He was the star of Attica Locke’s intense Black Water Rising, published in 2009.

But I didn’t know Jay Porter until I signed up for this Pleasantville tour. I just jumped onto the tour bandwagon because  I saw Attica Locke’s name and decided, yes, I have to get on this tour. Because her Cutting Season was a great read. Not an easy read. But it was a little dark and twisty and as a result quite intriguing.

I didn’t know that Pleasantville takes place fifteen years after Black Water Rising. You don’t necessarily have to read Black Water Rising before Pleasantville although I would highly recommend it. It took me just a few days to read Black Water Rising. It startled me with its intensity and its complexity. And I couldn’t wait to read Pleasantville – or really, anything else by Attica Locke!
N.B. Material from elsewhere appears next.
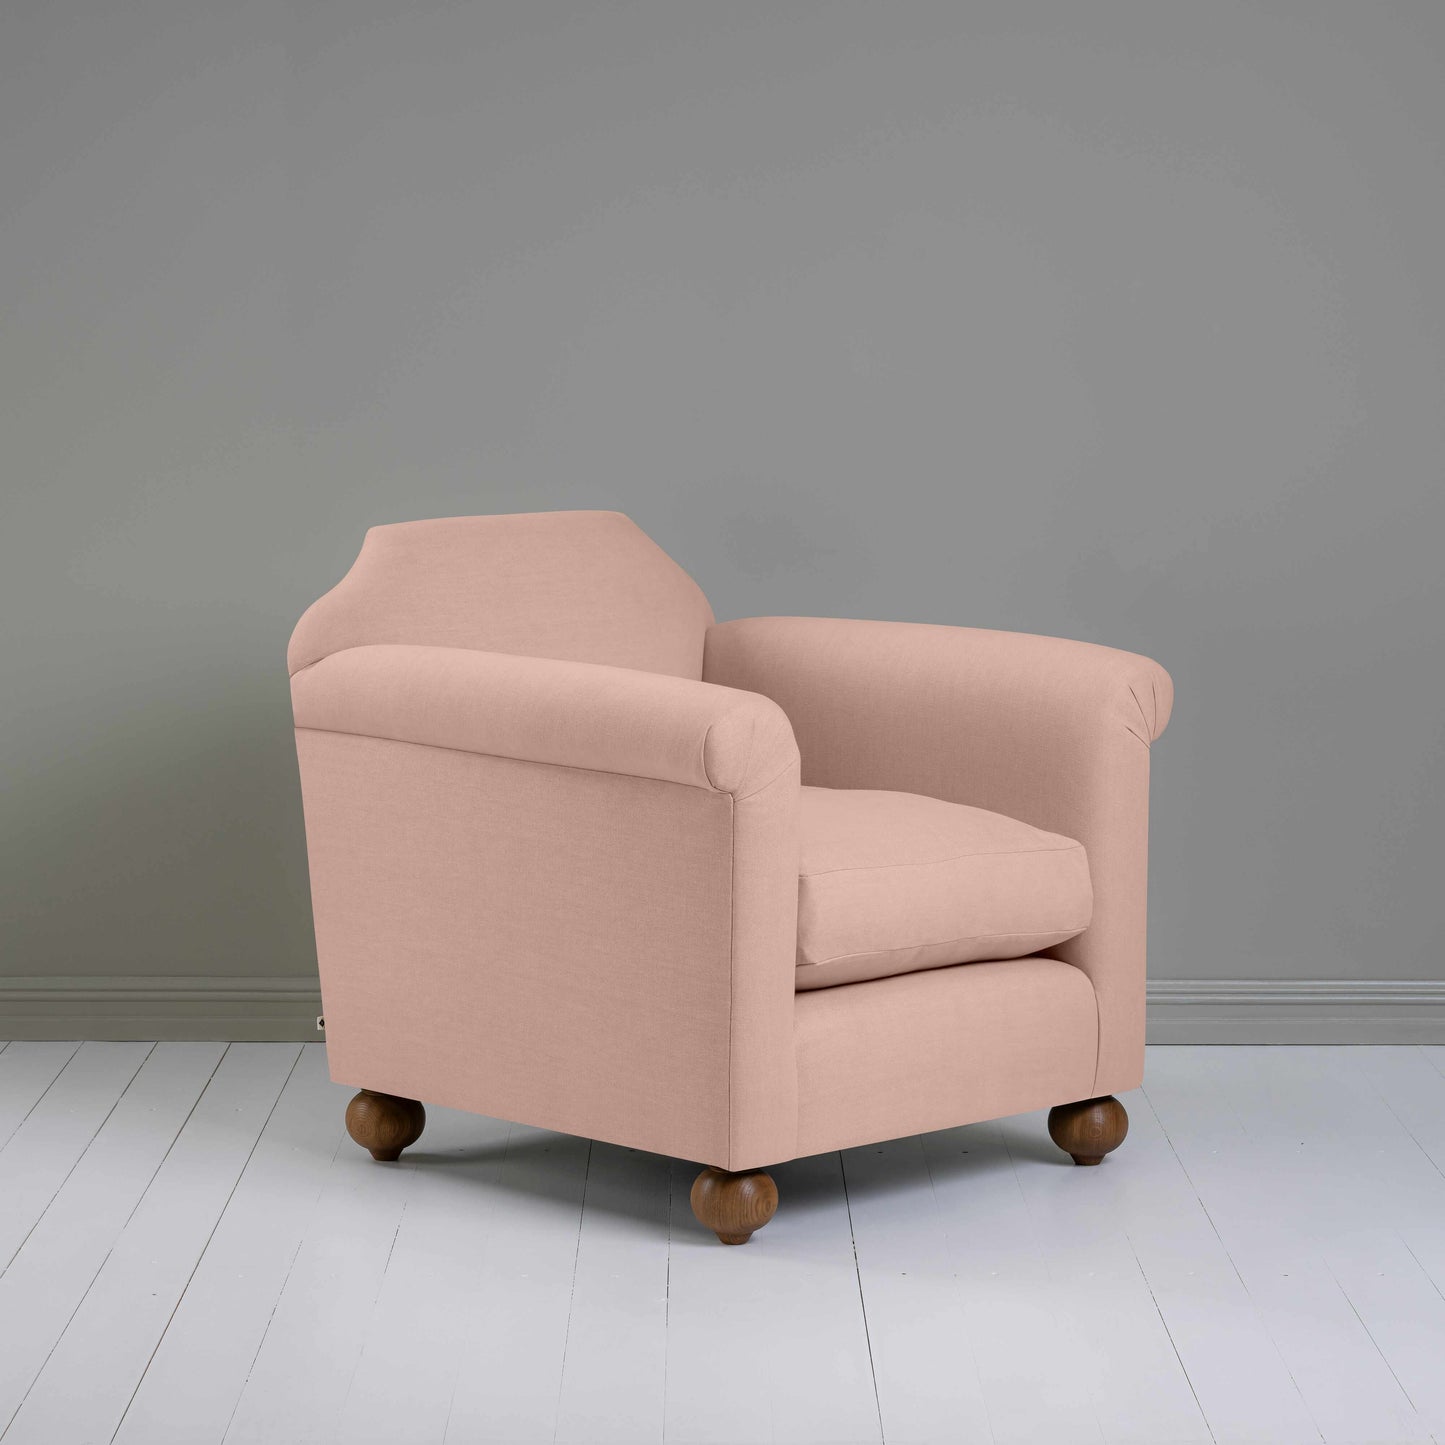 Dolittle Armchair in Laidback Linen Dusky Pink

Here’s the synopsis of Pleasantville:

In this sophisticated thriller, lawyer Jay Porter, hero of Attica Locke’s bestseller Black Water Rising, returns to fight one last case, only to become embroiled once again in a dangerous game of shadowy politics and a witness to how far those in power are willing to go to win.
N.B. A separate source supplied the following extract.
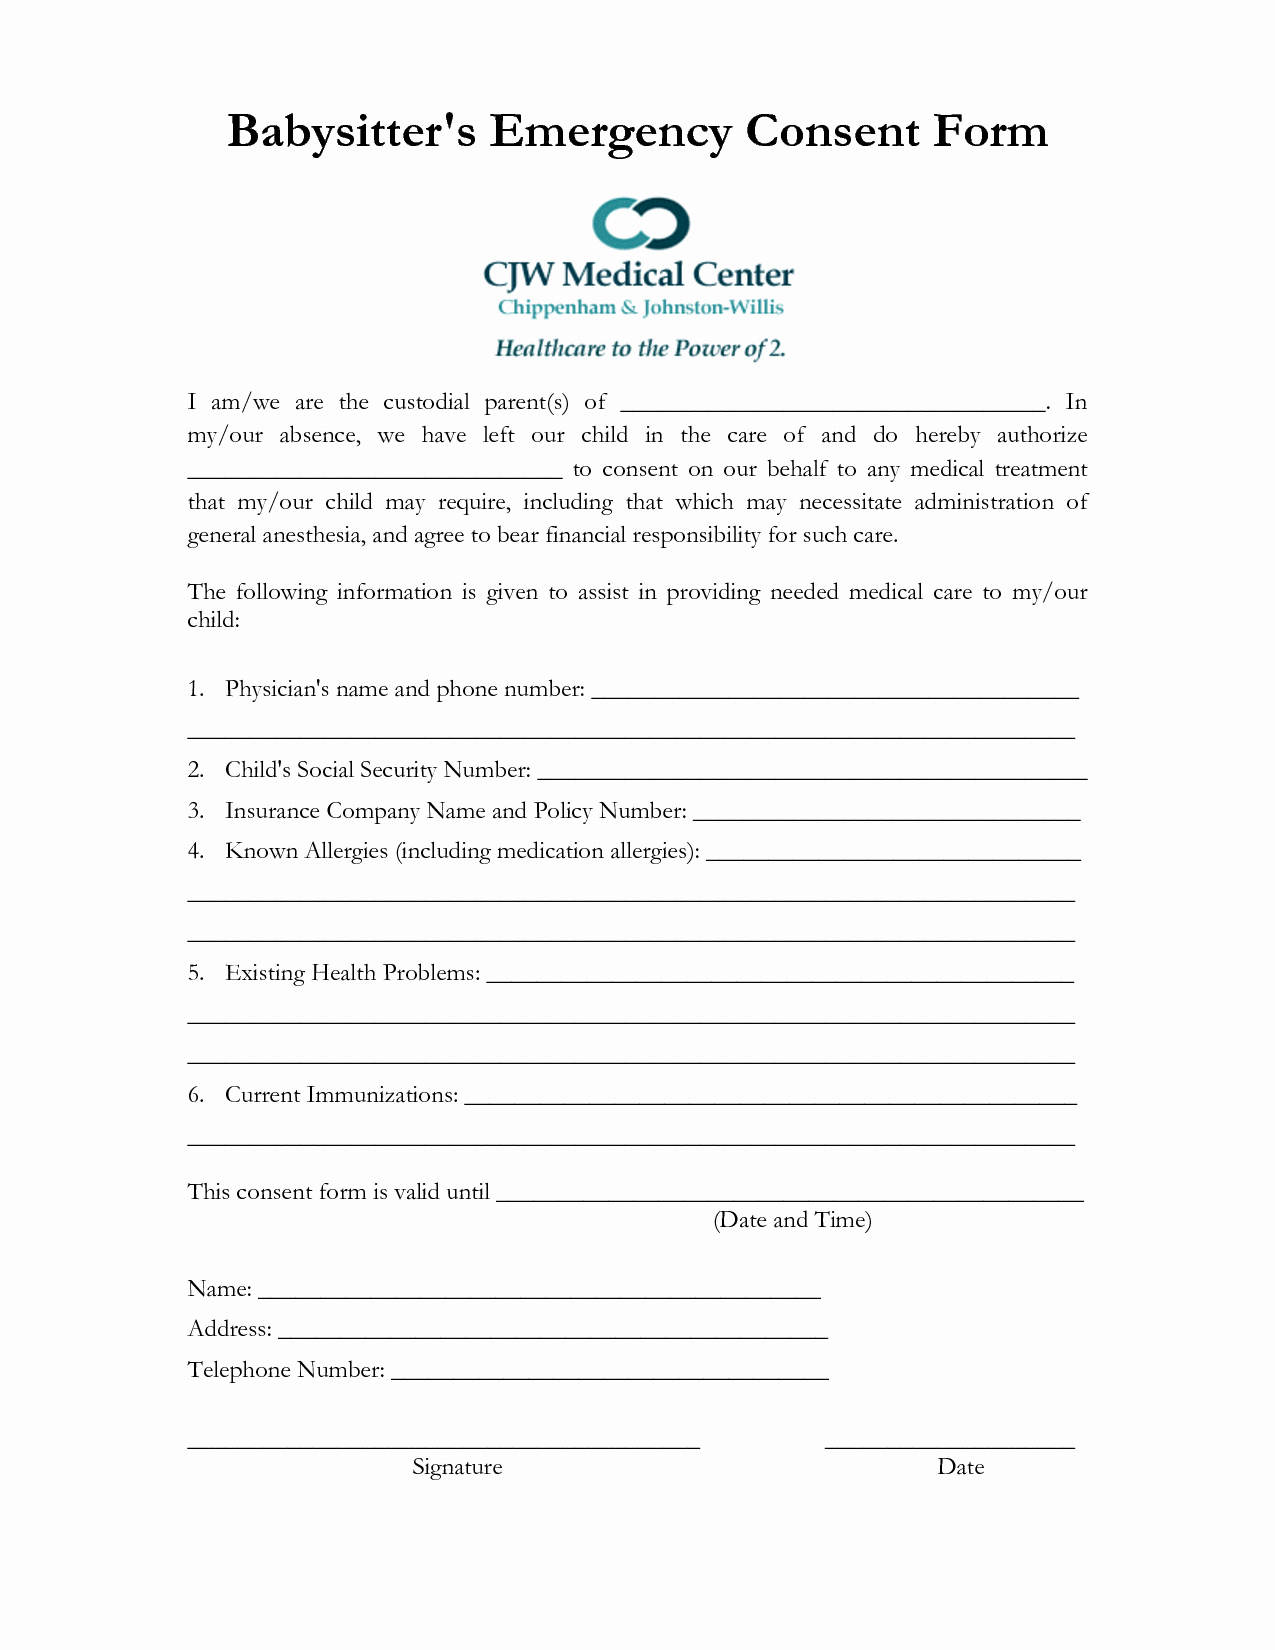 Medical Release form for Babysitter New Babysitting forms Reverse Search

Fifteen years after the events of Black Water Rising, Jay Porter is struggling to cope with catastrophic changes in his personal life and the disintegration of his environmental law practice. His victory against Cole Oil is still the crown jewel of his career, even if he hasn’t yet seen a dime thanks to appeals. But time has taken its toll. Tired and restless, he’s ready to quit.

When a girl goes missing on Election Night, 1996, in the neighborhood of Pleasantville—a hamlet for upwardly mobile blacks on the north side of Houston—Jay, a single father, is deeply disturbed. He’s been representing Pleasantville in the wake of a chemical fire, and the case is dragging on, raising doubts about his ability.

The missing girl was a volunteer for one of the local mayoral candidates, and her disappearance complicates an already heated campaign. When the nephew of one of the candidates, a Pleasantville local, is arrested, Jay reluctantly finds himself serving as a defense attorney. With a man’s life and his own reputation on the line, Jay is about to try his first murder in a case that will also put an electoral process on trial, exposing the dark side of power and those determined to keep it.

It is marketed as a thriller and it is indeed, thrilling.

And like Black Water Rising, there is far more to the story than just the murder.

There are high stakes here, not just because a young girl has been killed, but because of who has been accused of her murder. There is much manipulation going on, deep and dark family secrets, money under the table, skeletons in the closet, and not to mention all that politicking. Jay is reluctant to be a part of this at first, he is recently widowed and struggling to raise his children. But he reluctantly steps into the courtroom, becomes entangled in this major mess and finds a target on his back.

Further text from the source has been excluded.